Adam hauls me up and we leave the cemetery and head for home.

He refuses to speak another word until we get to the gate outside my house.

Then he glares down at me through his floppy fringe, and says:

‘You're not the only person who's got issues, you know. Get over yourself, Lilah May.'

CHAPTER THREE

I go round to Bindi's house the next day to tell her about my date with Adam.

Bindi's house is like this Temple of Delights. It's about as different from my house as you can imagine.

She lives with her very large Asian family in a chaotic modern house on the other side of town from us. She's got five little sisters and one little brother and two insane, chattering and multi-tasking parents who are forever throwing their arms up in the air and shrugging their shoulders as they talk me into the ground.

I love going over to Bindi's house.

Her mum, Reeta, is an amazing cook and the house always smells of onions and savoury meat and hot, heavy, exotic spices. The kitchen is about a hundred degrees at any time of the year and there's always some sort of family crisis going on, but it's all warm and close and loving, just like a family should be.

Except that mine isn't.

Not any longer.

I'm up in Bindi's bedroom and we're supposed to be doing homework.

Asian Network Radio is blaring out and Bindi's weaving a long shiny ribbon into my hair, and she's put one of those red dot things right in the centre of my forehead to make me into some sort of demented goddess or something. I don't really know what she's doing, and nobody else would ever survive trying to make me look girly, but Bindi gets away with it because she's my best friend, and the thought of upsetting her would be a bit like the thought of hitting a soft, big-eyed puppy very hard.

So I don't. I sit as still as I can while she finishes my transformation into an Asian princess, and then I try on a few of her saris and spin around in front of the mirror to make her laugh.

Actually, I look quite good. My colouring's dark anyway and the dark red lipstick she's forced me to wear suits my skin tone. I've got heavy black eyeliner around my bottom lashes – I always wear that, even at school. The teachers have given up trying to expel me for it, and now they just raise their eyebrows and shake their heads whenever I pound down the school corridors, all attitude and black make-up.

‘Aha,' Bindi is saying, with a satisfied smile. ‘There. You can come and live with us now.'

I give her a rueful grin. ‘I wish,' I say.

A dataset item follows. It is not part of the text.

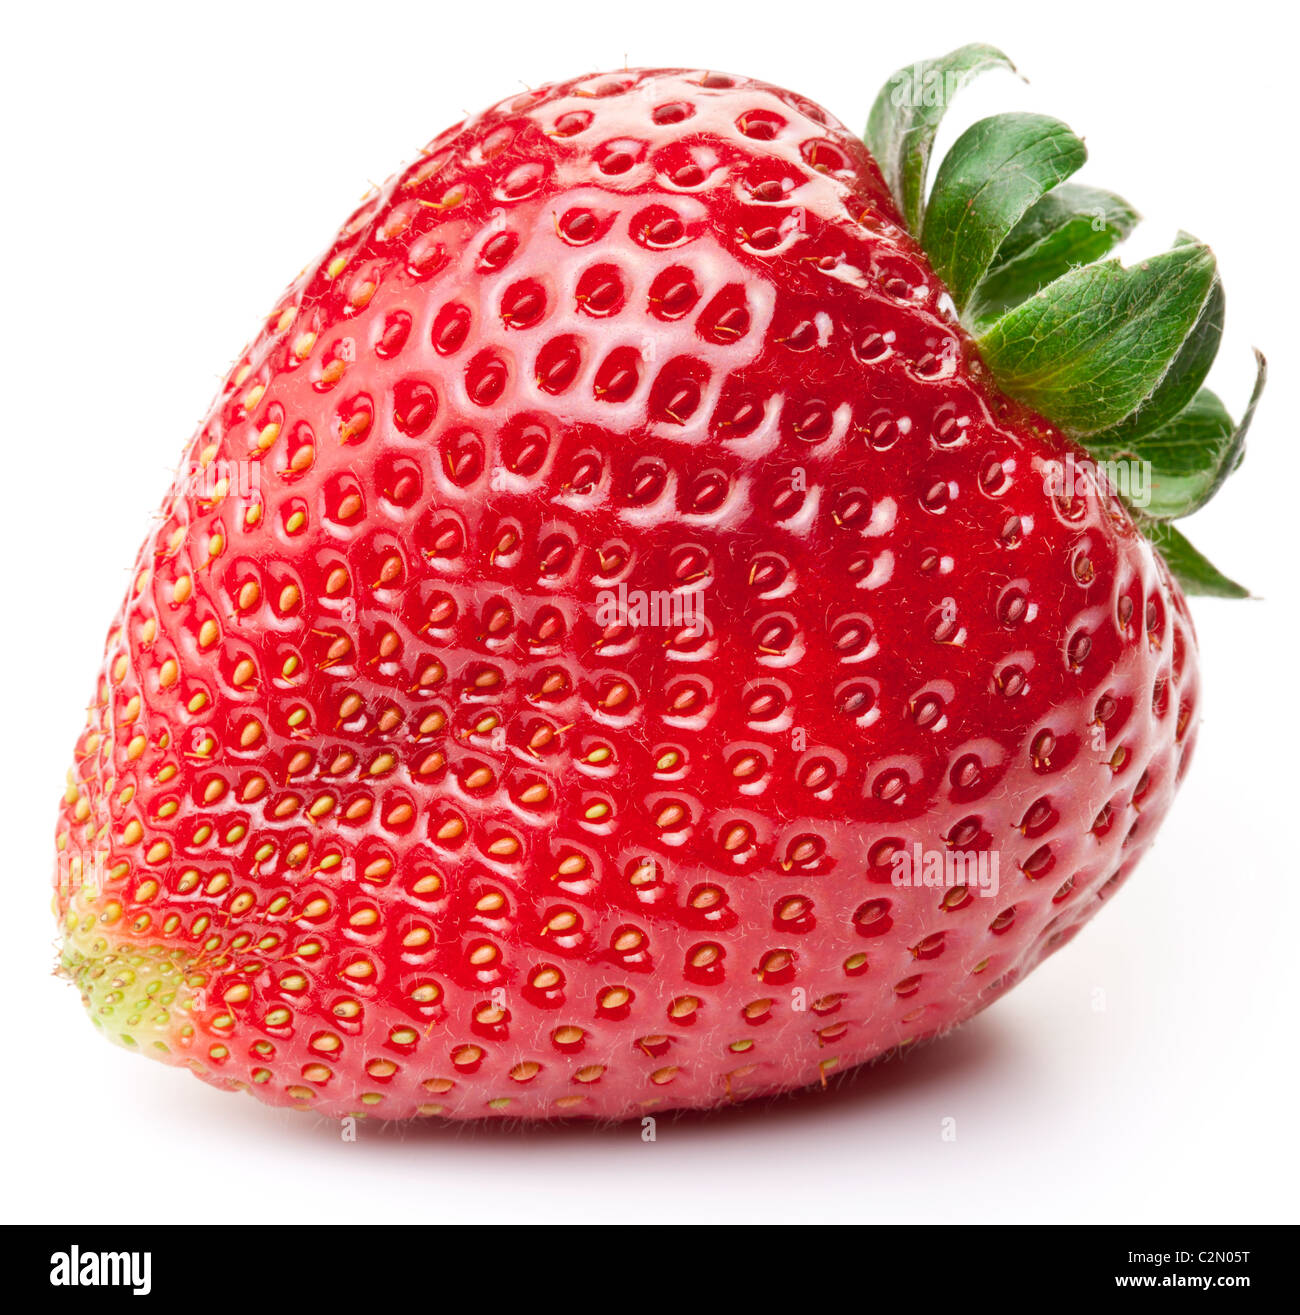 Appetizing strawberry. Isolated on a white background. Stock Photo

In fact, I'd probably be driven mental by having to live with about fifteen people in one house. But I love the fact that Bindi's family are so open and kind and that when I visit, they just sort of weave me into the fabric of the household, like I'm a missing thread that's turned up in the sewing basket.

As if to illustrate my thoughts, two of her little sisters come into the bedroom and dive onto my lap, where they fiddle with my hair and bracelets.

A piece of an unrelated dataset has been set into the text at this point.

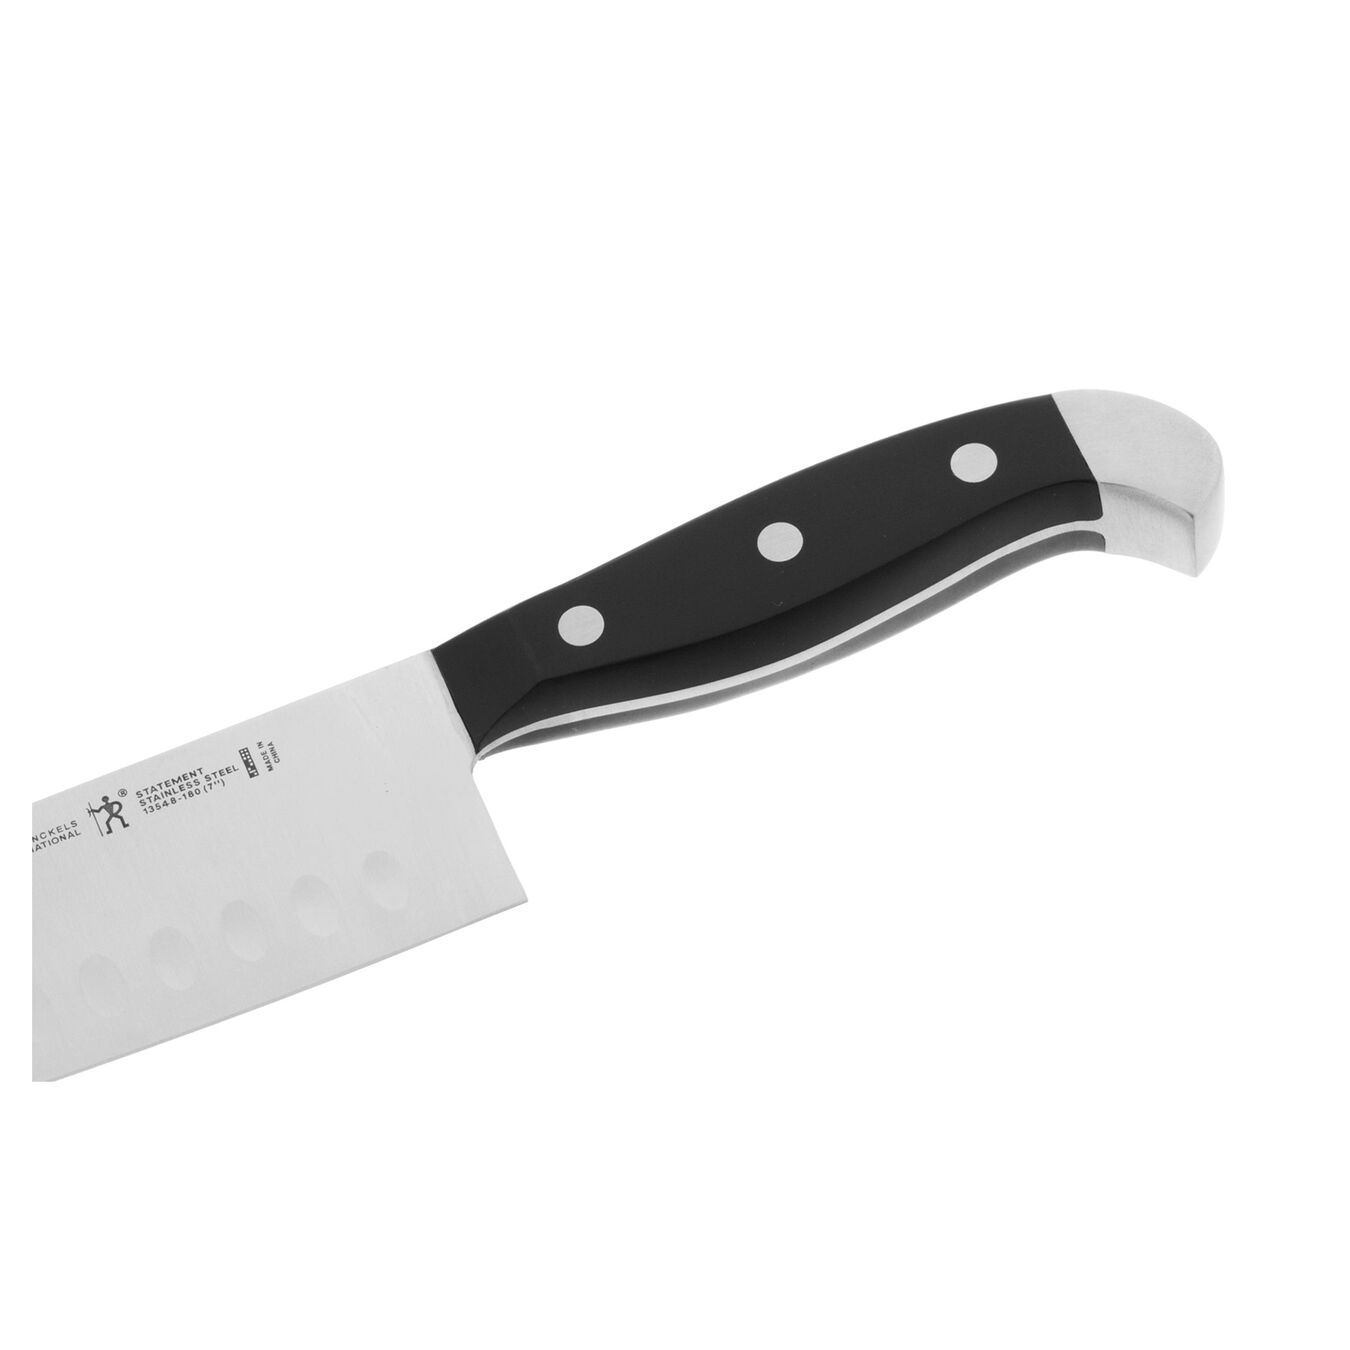 7-inch, Hollow Edge Santoku Knife,,large 5

I like pretending that they're my sisters.

Siblings are a bit thin on the ground in our house at the moment.

My smile must have faded, because Bindi shoos her sisters out of the room.

‘I'd quite like to live here with you, actually,' I say. I guess I'm hoping she'll say, ‘Oh, OK then,' and I'll just be given a camp bed to put on the floor here and never have to go home again.

Bindi frowns.

‘It's not always quite the paradise you're imagining,' she says. ‘My parents are really strict. I'm going to have an arranged marriage, and that will have to come ahead of any career when I leave school.'

‘Really?' I say. ‘Wow. That sucks.'

‘My parents are going to choose a boy in India and get me to marry him,' says Bindi. She sounds very matter-of-fact when she says this, like she's discussing choosing a coat in the shopping arcade or something.

‘Yeah, I know what an arranged marriage is, Bindi. Just never thought you'd have to have one.'

‘It's no big deal,' she says. But her mouth has drooped a bit at the corners. ‘It's what a lot of Asian families do. Well, those who
are still religious. Like mine.'

I shake my head. For a moment I can't speak. I try to imagine how I would feel if Mum and Dad stopped being obsessed with clowns and lions and instead focused all their energies into marrying me off to some boy I'd never met.

Groo.

‘I so would hate that,' I say.

Bindi is staring down at her lap now and fiddling with the end of her dark plait.

‘Well, I don't get much say in the matter,' she says. ‘Sometimes it's difficult to be heard around here. Too many kids in the house.'

‘Yeah,' I agree, but I'm not really listening. My head is still spinning with Bindi's revelation about the arranged marriage.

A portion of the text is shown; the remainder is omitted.